11. A method implemented by one or more computers to assist interviewers in performing interviews, the method comprising:

obtaining, by a processing device communicatively connected to a storage device, an audio track capturing a conversation between an interviewer and an interviewee during an interview;

segmenting, by executing a speaker identification engine, the audio track into a plurality of audio segments each being tagged as associated with one of the interviewer or the interviewee;

determining, by applying a speech recognition and natural language processing (NLP) engine to the audio track, attributes associated with audio segments being tagged to the interviewer, wherein the attributes associated with an audio segment comprise timing parameters associated with the audio segment and a text content of the audio segment;

executing a rule-based analysis engine based on the attributes associated with audio segments being tagged to the interviewer to determine whether the interviewer conducts the interview in compliance with predetermined rules; and

responsive to determining that the interviewer does not conduct the interview in compliance with the predetermined rules, generating a notice to a user.

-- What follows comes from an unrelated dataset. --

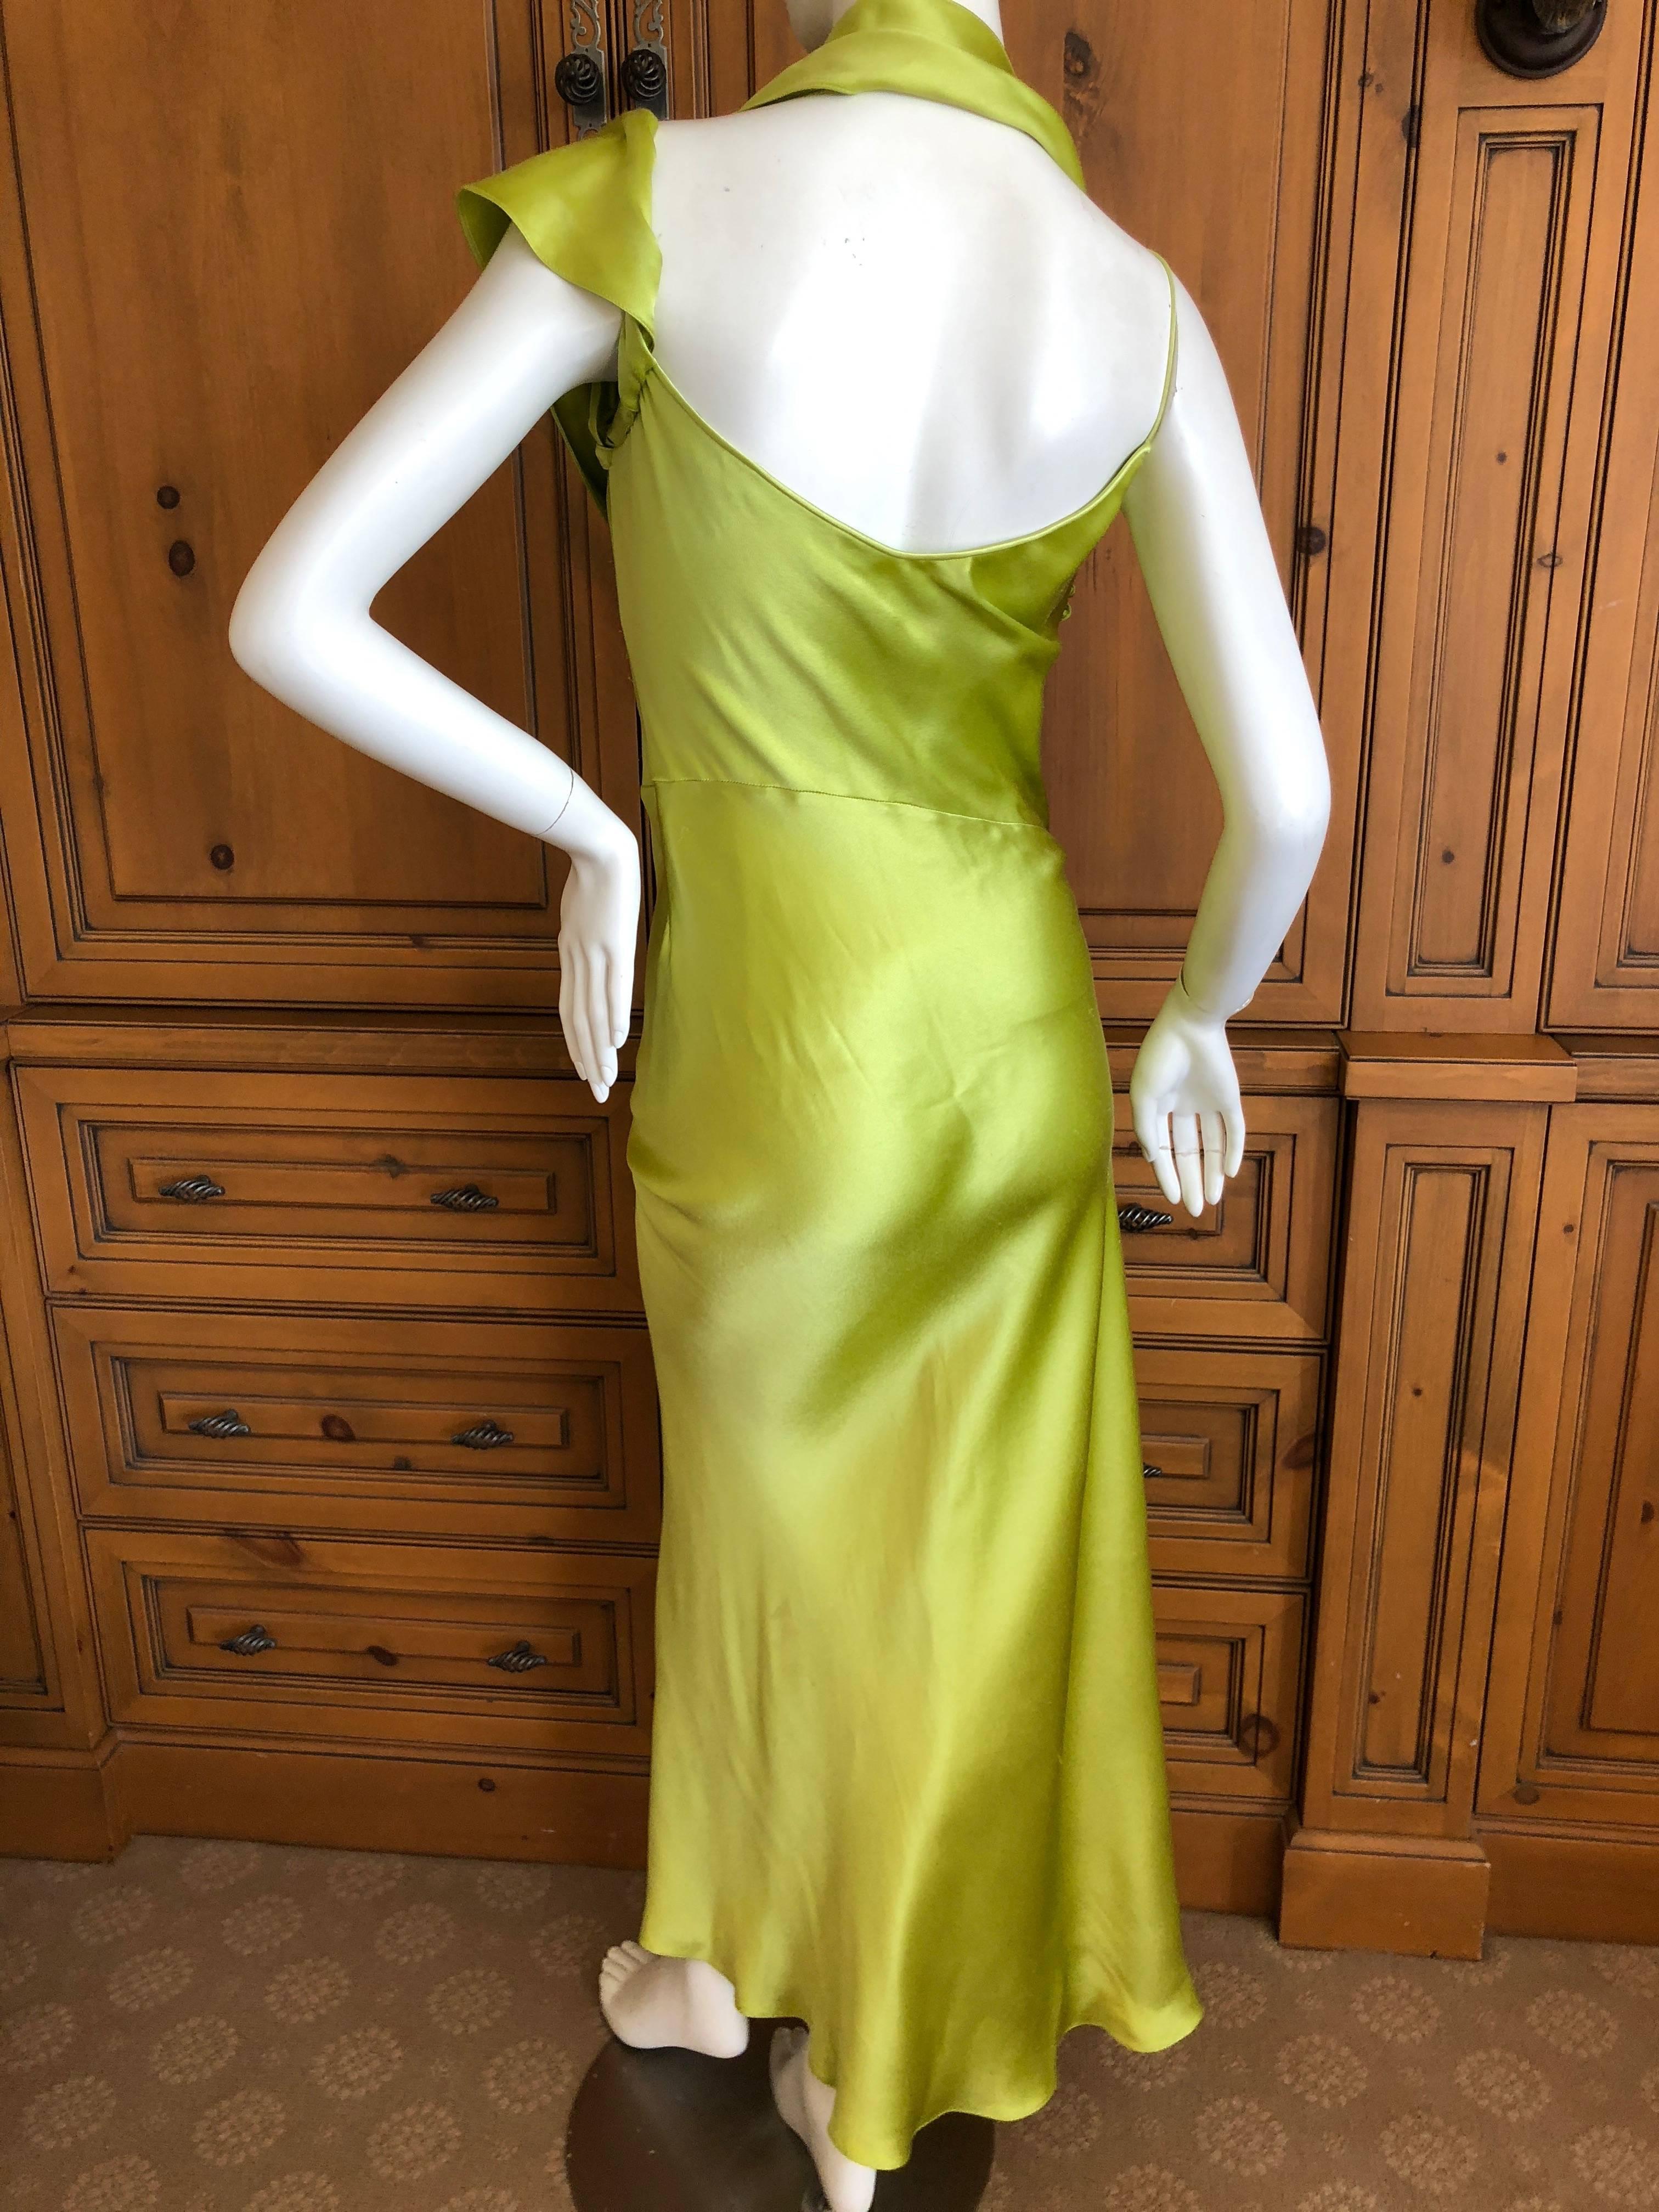 Women's Christian Dior by John Galliano Bias Cut Green Silk Satin Dress with Knot Motif

12. The method of claim 1, wherein the rule-based analysis engine comprises a bidirectional encoder representations from transformers (BERT) network.

13. The method of claim 12, wherein:

the storage device comprises a database of the predetermined rules;

each predetermined rule comprises at least one of timing data or content data; and

the method further comprises determining whether the interviewer conducts the interview in compliance with the predetermined rules based on: comparing the timing parameters and text content of each attribute, associated with audio segments being tagged to the interviewer, to the timing data and the content data of at least one predetermined rule in the database to determine a match between the attribute and the predetermined rule; and determining, based on each match, that the interviewer does not conduct the interview in compliance with the respective matching predetermined rule.

14. The method of claim 13, further comprising determining, based on the at least one predetermined rule for which there is no matching attribute, a respective content of the notice to the user.

15. The method of claim 14, wherein the content data comprises a function call and a value comprising text strings.

16. The method of claim 15, wherein:

the function call comprises a call to the BERT network; and

the BERT network is trained to determine a similarity between the timing parameters and text content of each attribute, associated with audio segments being tagged to the interviewer, and the respective timing data and content data of each predetermined rule.

17. The method of claim 16, further comprising determining the match between the attribute and the predetermined rule based on the determined similarity between the timing parameters and text content of the attribute and the respective timing data and content data of the predetermined rule being greater than a threshold value.

18. The method of claim 11, wherein:

each attribute associated with audio segments being tagged to the interviewer comprises a characterization of the text content of the attribute; and

the characterization is based on at least one of a verbosity, a content clarity, a concept clarity and a confidence of the interviewer during the conversation.

19. The method of claim 1, further comprising providing the notice to the user in real time during the conversation.

20. The method of claim 1, wherein the notice to the user comprises a summary of the conversation.